This is an automated email from the ASF dual-hosted git repository.

alexey pushed a commit to branch master
in repository https://gitbox.apache.org/repos/asf/kudu.git


The following commit(s) were added to refs/heads/master by this push:
     new d7fa4f9e6 [Tool] Return not OK status when copying tablets failed
d7fa4f9e6 is described below

commit d7fa4f9e62c4e9d87246656d1aea1b450cbf90fd
Author: xinghuayu007 <1450306...@qq.com>
AuthorDate: Thu Feb 29 15:12:14 2024 +0800

    [Tool] Return not OK status when copying tablets failed
    
    Currently, 'local_replica copy_from_remote' command does not
    return a non-OK status when some tablets copying failed.
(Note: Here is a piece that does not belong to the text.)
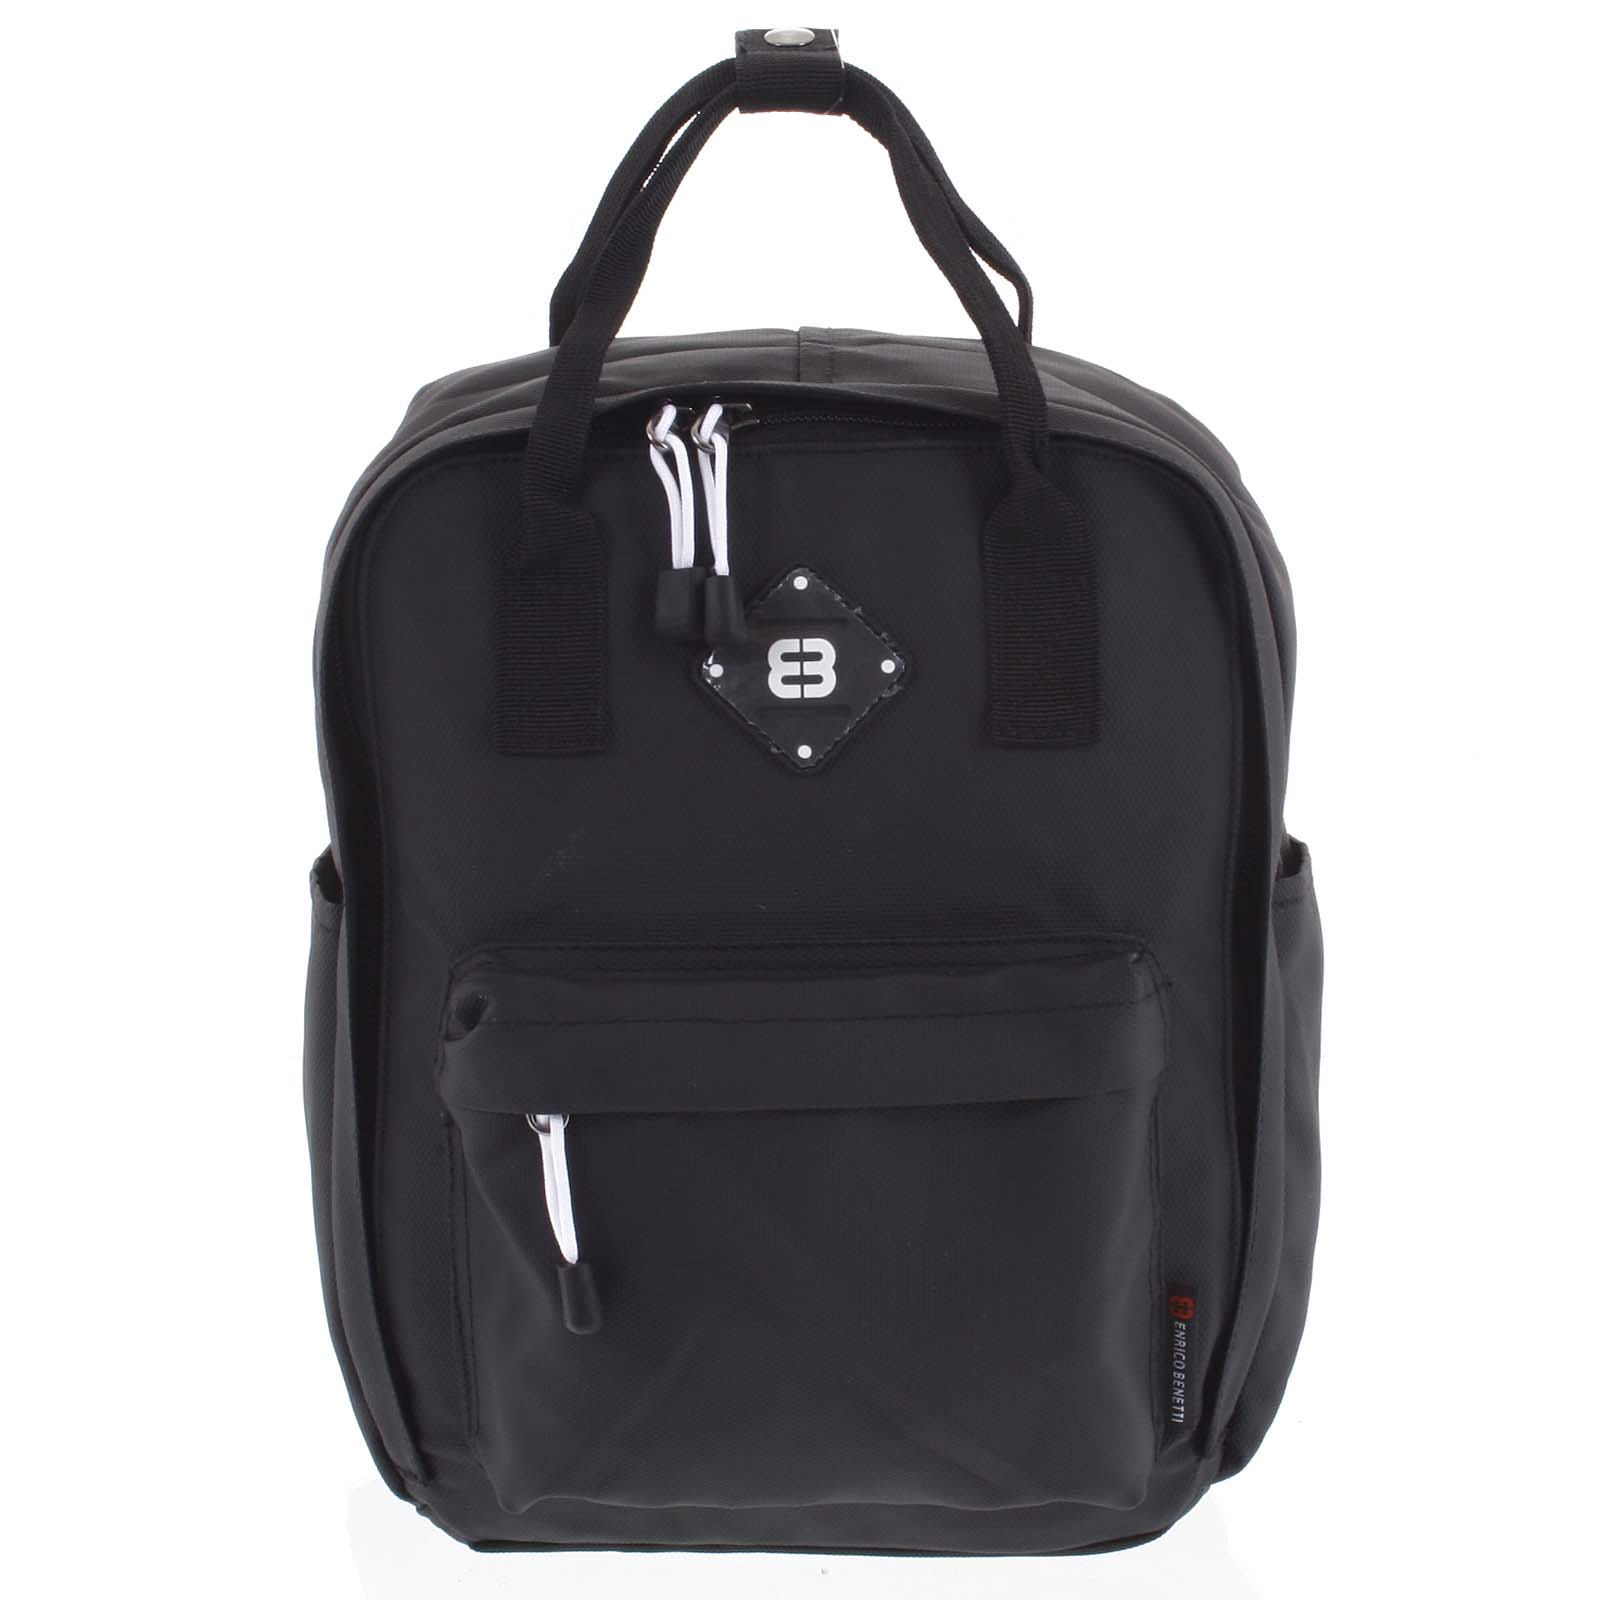 Malý dámský městský batoh černý - Enrico Benetti Mickey

Therefore
    it is not possible to use the return status to know whether it is
    failed or succeeded. Only the log can show some useful message.
    
    This patch fixes this problem so now the CLI tool exits with non-OK
    status code when some tablets failed to copy.
    
    Change-Id: Ic957cbc379645e0607c1c2a3bc568e20afc126b2
    Reviewed-on: http://gerrit.cloudera.org:8080/21089
    Tested-by: Alexey Serbin <ale...@apache.org>
    Reviewed-by: Alexey Serbin <ale...@apache.org>
---
 src/kudu/tools/kudu-tool-test.cc            | 27 +++++++++++++++++++++++++++
 src/kudu/tools/tool_action_local_replica.cc | 10 +++++++++-
 2 files changed, 36 insertions(+), 1 deletion(-)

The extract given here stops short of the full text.